Выбрать главу

По смерти графа был уничтожен один его бег под Донским, и две китовые кости тогда же поступили в Московский университет: последние тоже уцелели от пожара 1812 года и сохраняются посейчас.

Граф А. Г. Орлов, как известно, знаменит также своими заслугами в деле российского коннозаводства – почин кровного коннозаводства и тесно связанного с ним скакового дела положен им в Москве в 1785 году.

Граф в этом году завел в столице публичные скачки на призы, ранее того выписал из Англии лучших скакунов и из Аравии – редких производителей. Известный знаток конского дела П. А. Дубовицкий говорит, что орловский рысак усовершенствован был графом по строго задуманному им плану, причем он доказал фактами, ссылаясь на другие заводы наших вельмож (и особенно на обширный Серебряно-Прудский завод графа Шереметева), имевшие те же богатые и разнообразные типы всех европейских и азиатских пород, что хотя они и производили весьма хороших лошадей, но не имели определенного типа, какой выработал граф Орлов, а потому все произведения этих громадных заводов исчезли бесследно.

Чрез искусное сочетание арабской и английской крови граф вывел и тип верховой лошади – такой тип, какой известен в лице его знаменитого Свирепого, который не гнулся под девятипудовым богатырем-вельможей, когда он, залитый золотом и бриллиантами, красовался на гуляньях в Москве, выезжая в пышных поездах с огромной свитой, составлявшею нечто среднее между восточною роскошью и средневековою торжественностью рыцарских турниров.

Проживая все царствование императора Павла I в Дрездене, граф и там удивлял немцев своими выездами; особенно любовались последние его кобылами Арфой и Амазонкой. Другие любимые его две лошади были Потешный и Каток: первую граф подарил князю Голицыну, а второй по наследству достался генералу Алексею Алексеевичу Чесменскому.

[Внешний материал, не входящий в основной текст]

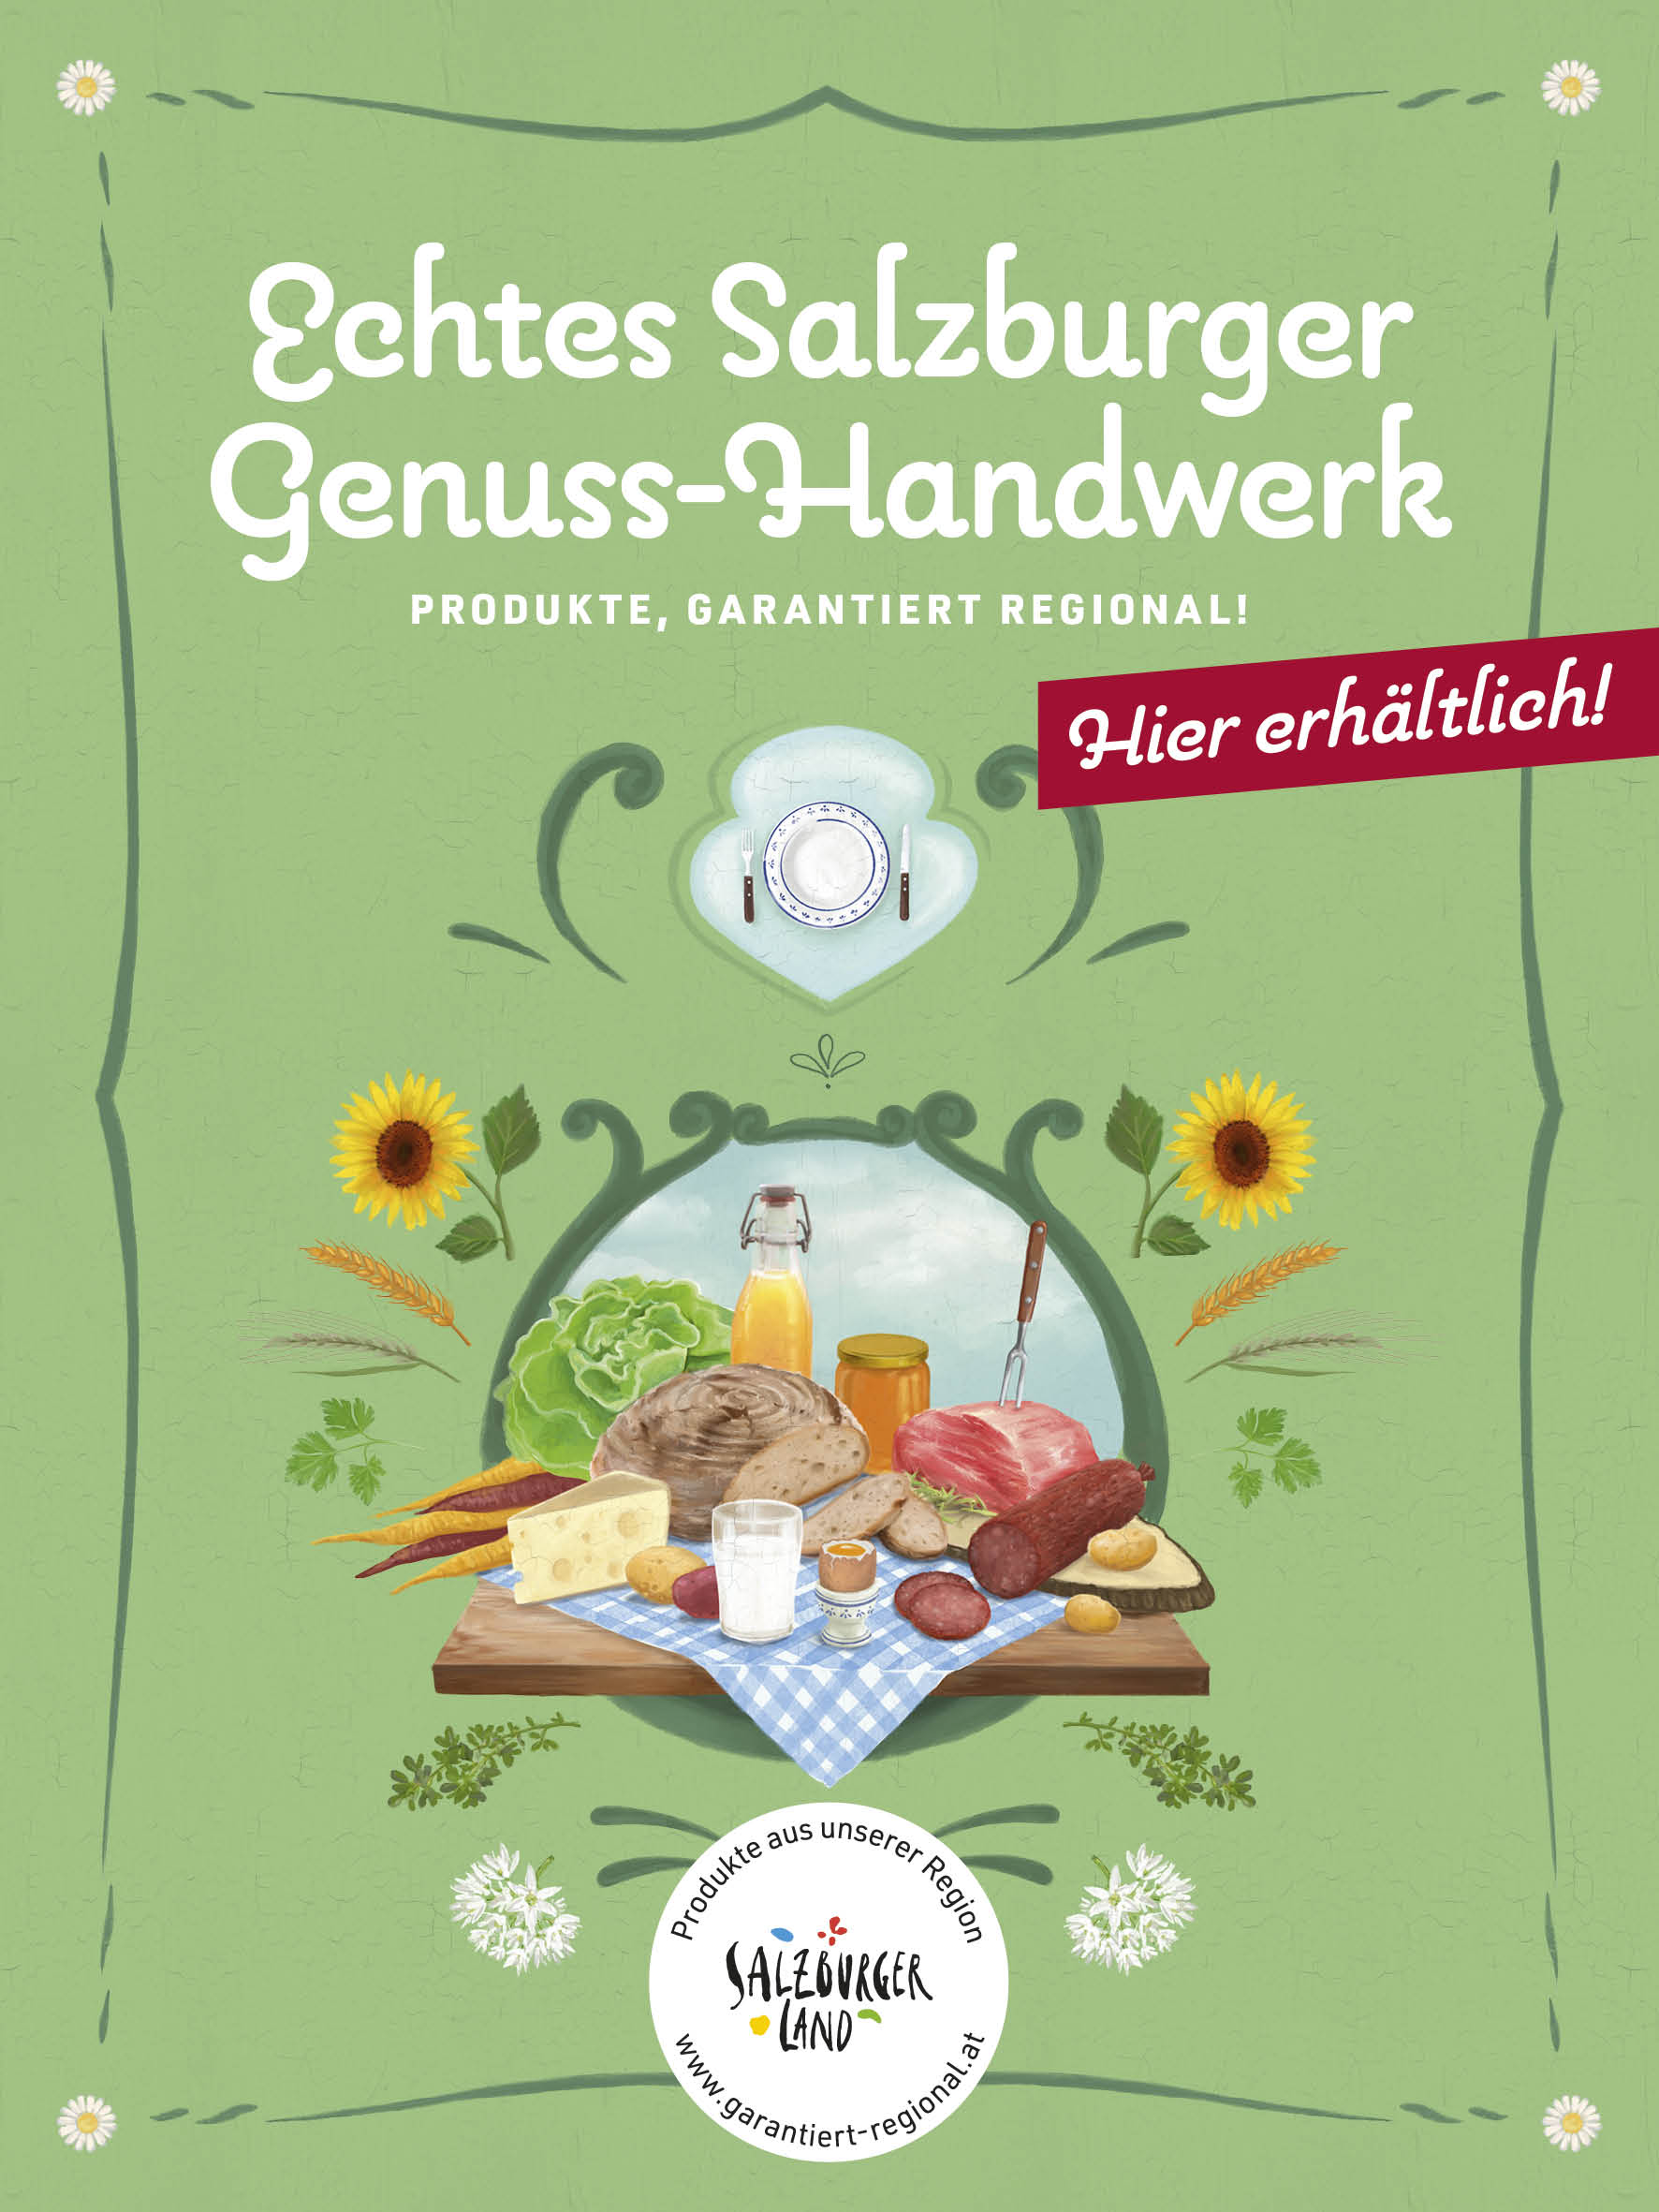 Lagerhaus Bergheim bei Salzburg schmeckt

До самого нашествия Наполеона они не переставали по зимам спорить между собою на москворецком беге и, при всей своей старости, не встречали себе соперников. Граф, помимо лошадиной охоты, имел и псовую для истребления волков, тревоживших его табуны; граф сам вел собственноручно родословные своих собак; у него также были почтовые голуби, летавшие с письмами в его Хатунскую волость за 70 верст из Москвы.

Известны еще посейчас орловские бойцовые гуси, а также и орловские канарейки с особенным напевом. По рассказам, граф был необыкновенно хлебосолен и приветлив.

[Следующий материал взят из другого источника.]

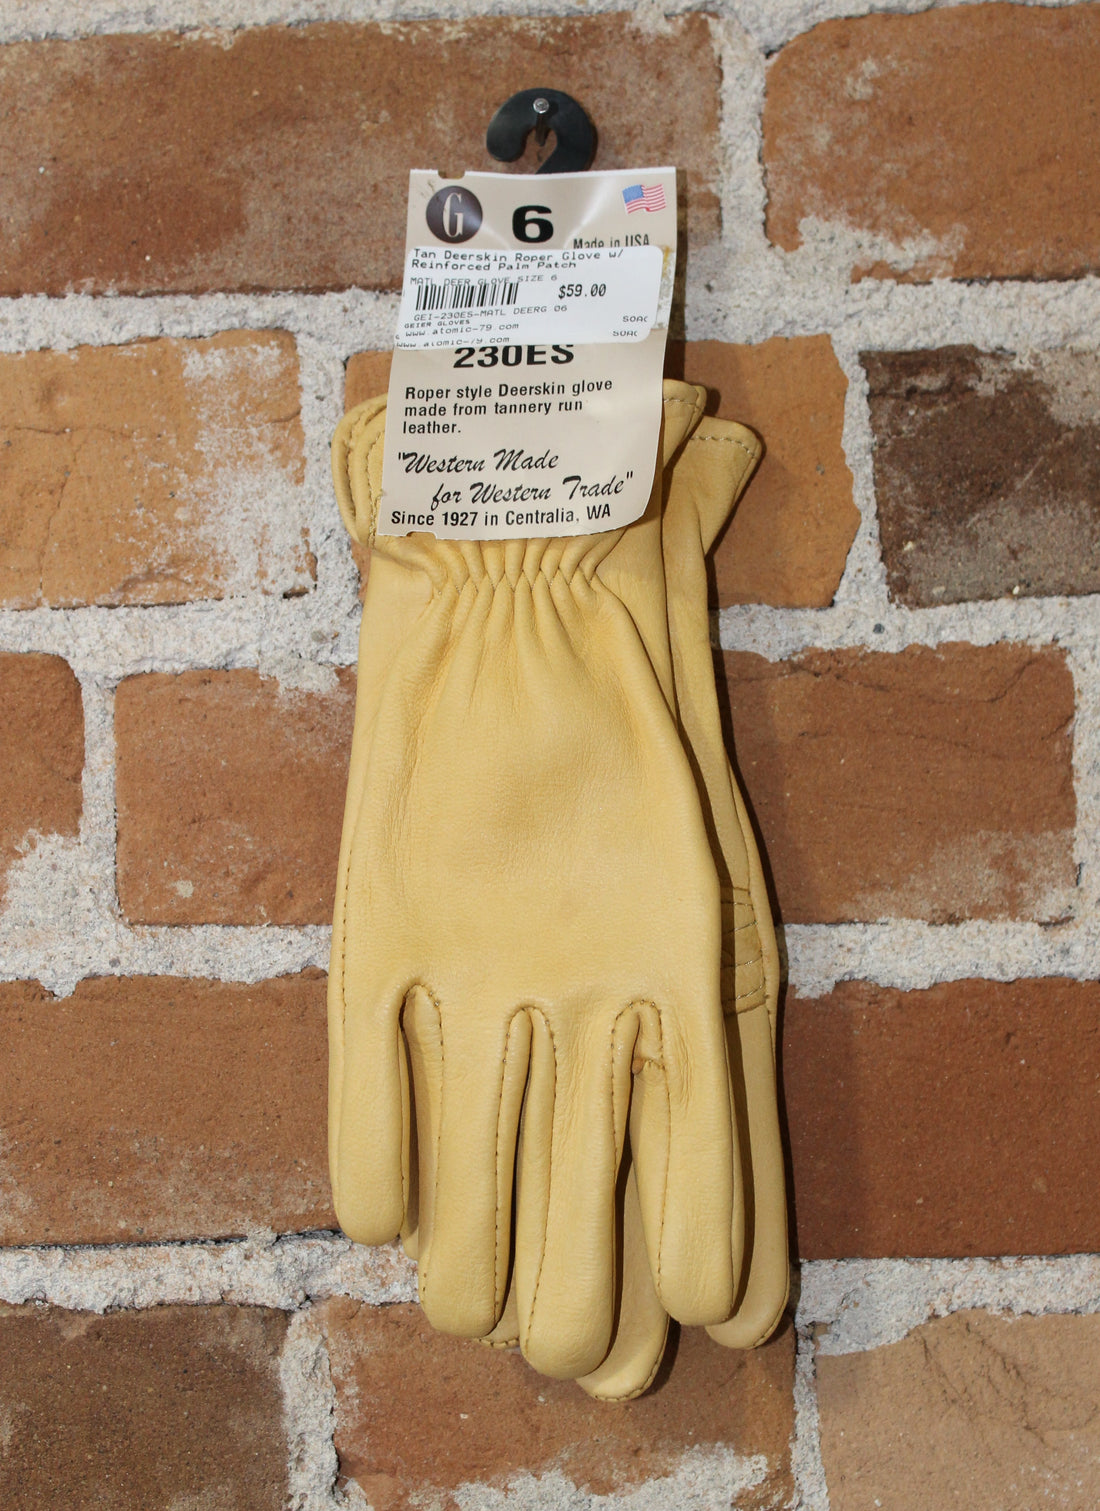 Tan Deerskin Roper Glove W/Reinforced Palm Patch view of gloves

К его обеду ежедневно могли приезжать находившиеся в Москве дворяне, хотя бы с ним и незнакомые, но для этого они должны были быть в дворянском мундире. Если же приехавший незнакомый был в партикулярном платье, тогда граф спрашивал у него: «От кого вы, батюшка, присланы?», и когда незнакомец называл себя, тогда граф извинялся, что не разглядел, ибо по старости уже плохо видит.

Этим граф давал разуметь, что всякий, но только русский дворянин имеет право на его хлебосольство. По воскресеньям у него обедало от 150 до 300 человек.

Со смертью графа Алексея Орлова его Нескучное пришло в упадок. Дочь его, графиня Анна Алексеевна, была так потрясена потерей отца, что дала обет перед образом не знать уже более никаких светских удовольствий.

Узнав о кончине отца, она впала в обморок, в котором пробыла четырнадцать часов. Нескучное в тридцатых годах, по словам бытописателя Москвы, было таким местом, где порядочные люди боялись прогуливаться.

Сад Нескучного сделался сборным местом цыган самого низкого разряда, отчаянных гуляк «в полуформе», бездомных мещан, ремесленников и лихих гостинодворцев, которые по воскресным дням приезжали сюда пропивать на шампанском и полушампанском барыши всей недели, гулять, буянить, придираться к немцам, ссориться с полуформенными удальцами и любезничать с «дамами».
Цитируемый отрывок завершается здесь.